Both the Illinois Defendants and the Federal Defendants have now moved for summary judgment, and Stover has filed his own motions seeking the entry of judgment in his favor. The motions are now ready for resolution, and this Order follows.
LEGAL STANDARD
Summary judgment should be granted where "the pleadings, depositions, answers to interrogatories and admissions on file, together with the affidavits, if any, show there is no genuine issue as to any material fact and that the moving party is entitled to judgment as a matter of law." Fed.R.Civ.P. 56(c). The moving party has the responsibility of informing the Court of portions of the record or affidavits that demonstrate the absence of a triable issue. Celotex Corp. v. Catrett, 477 U.S. 317, 322 (1986). The moving party may meet its burden of showing an absence of disputed material facts by demonstrating "that there is an absence of evidence to support the non-moving party's case." Id. at 325. Any doubt as to the existence of a genuine issue for trial is resolved against the moving party. Anderson v. Liberty Lobby, Inc., 477 U.S. 242, 255 (1986); Cain v. Lane, 857 F.2d 1139, 1142 (7th Cir. 1988).If the moving party meets its burden, the non-moving party then has the burden of presenting specific facts to show that there is a genuine issue of material fact. Matsushita Elec. Indus. Co. v. Zenith Radio Corp., 475 U.S. 574, 586-87 (1986). Federal Rule of Civil Procedure 56(e) requires the non-moving party to go beyond the pleadings and produce evidence of a genuine issue for trial.Celotex, 477 U.S. at 324. Nevertheless, this Court must "view the record and all inferences drawn from it in the light most favorable to the [non-moving party]." Holland v. Jefferson Nat. Life Ins. Co., 883 F.2d 1307, 1312 (7th Cir. 1989). Summary judgment will be denied where a reasonable jury could return a verdict for the non-moving party.Anderson, 477 U.S. at 248; Hedberg v. Indiana Bell Tel. Co., 47 F.3d 928, 931 (7th Cir. 1995).
DISCUSSION
I. Motions Regarding the Illinois Defendants and Court of Claims
Section 1983 creates a federal cause of action for the "deprivation, under color of [state] law, of a citizen's rights, privileges, or immunities secured by the Constitution and the laws of the United States." Livadas v. Bradshaw, 512 U.S. 107, 132 (1994). It is not itself a source of substantive rights; instead it is a means for vindicating federal rights conferred elsewhere. Baker v. McCollan, 443 U.S. 137, 144 n. 3 (1979). The initial step in any § 1983 analysis is to identify the specific constitutional right which was allegedly violated.Graham v. Connor, 490 U.S. 386, 394 (1989).

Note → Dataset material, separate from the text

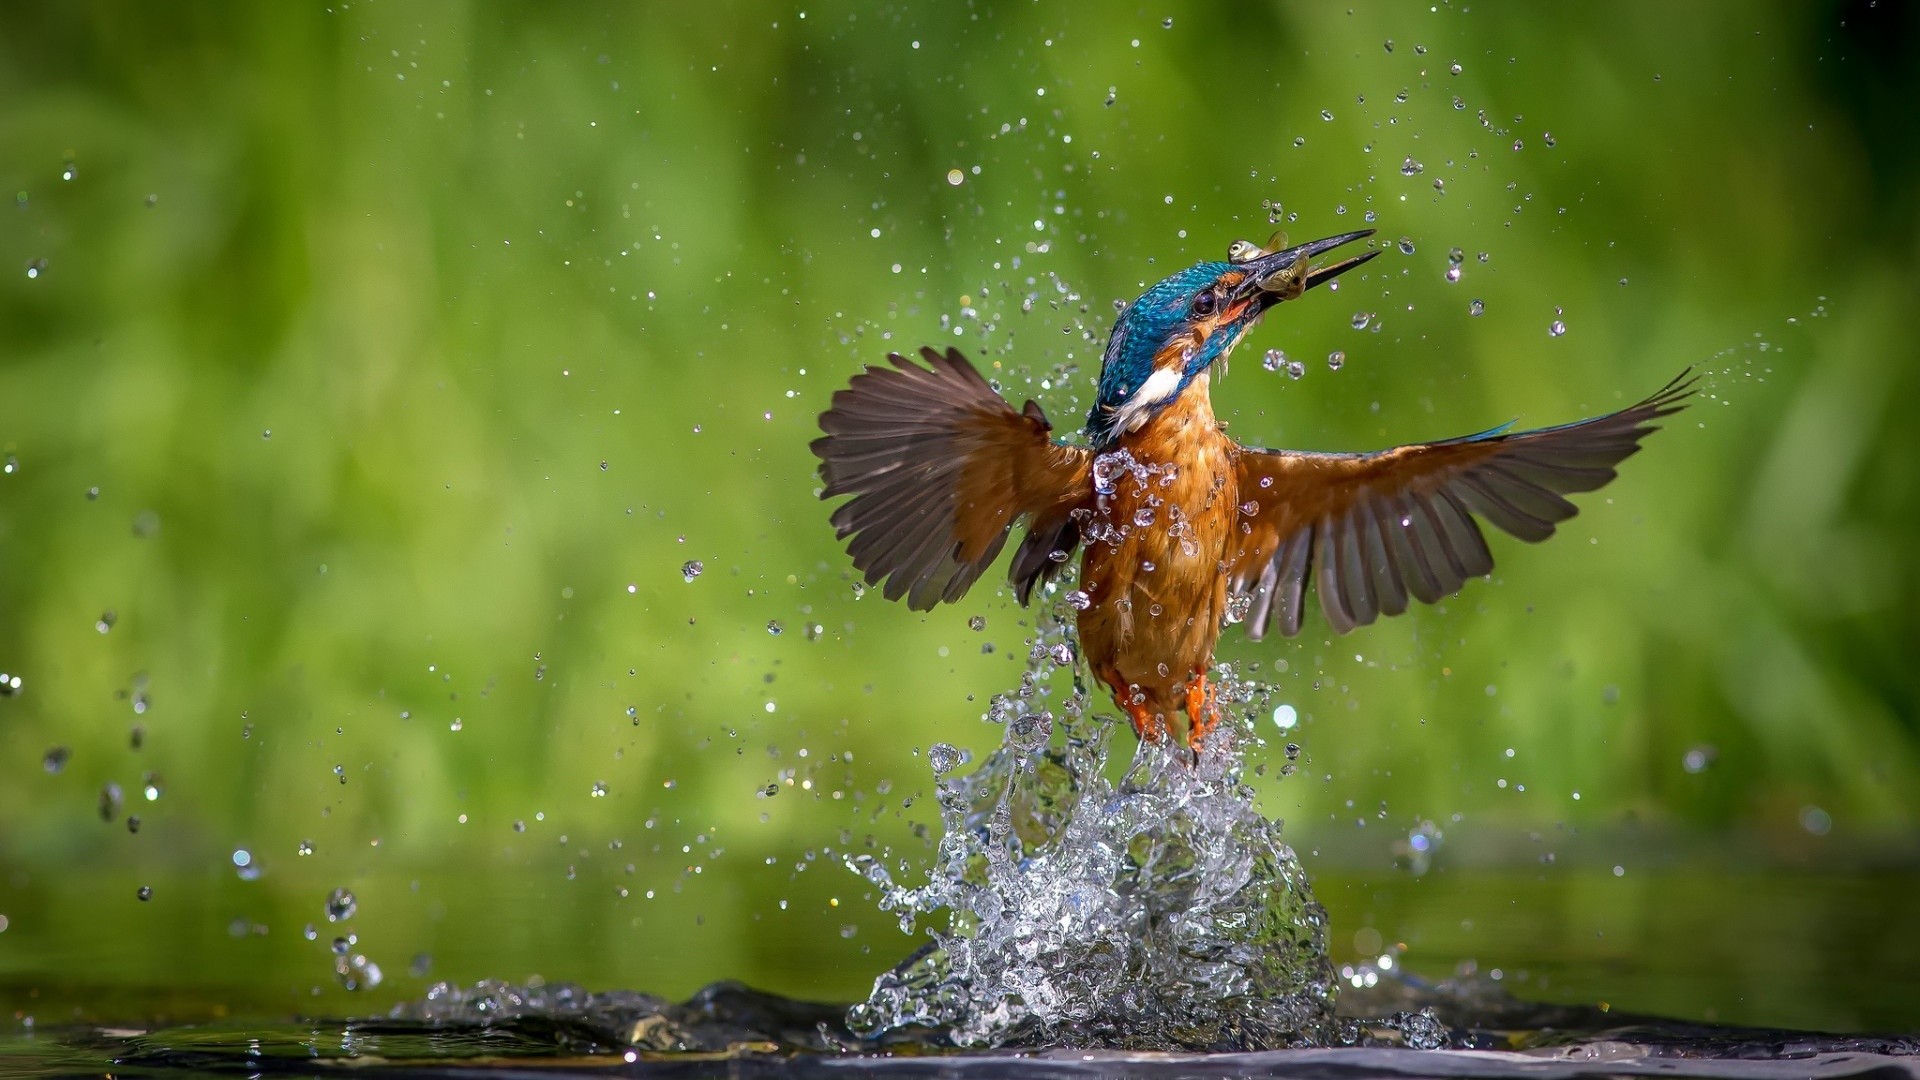 General 1920x1080 nature animals birds kingfisher water drops green background long exposure water

A. Illinois Defendants' Motion
Before reaching the merits of Stover's claims, however, the Illinois Defendants have asserted several procedural defenses. First, the Illinois Defendants have moved for summary judgment on the grounds that Stover's claims are barred by the Eleventh Amendment. The Eleventh Amendment to the U.S. Constitution provides in relevant part that, "[t]he judicial power of the United States shall not be construed to extend beyond any suit in law or equity, commenced or prosecuted against one of the United States by Citizens of another State" and has also been interpreted to prohibit citizens from suing their own states in a federal forum in some instances. In other words, states and their entities are immune from private actions brought against them in federal court absent a waiver or abrogation of sovereign immunity. Penhurst State School and Hospital v. Halderman, 465 U.S. 89, 100 (1984).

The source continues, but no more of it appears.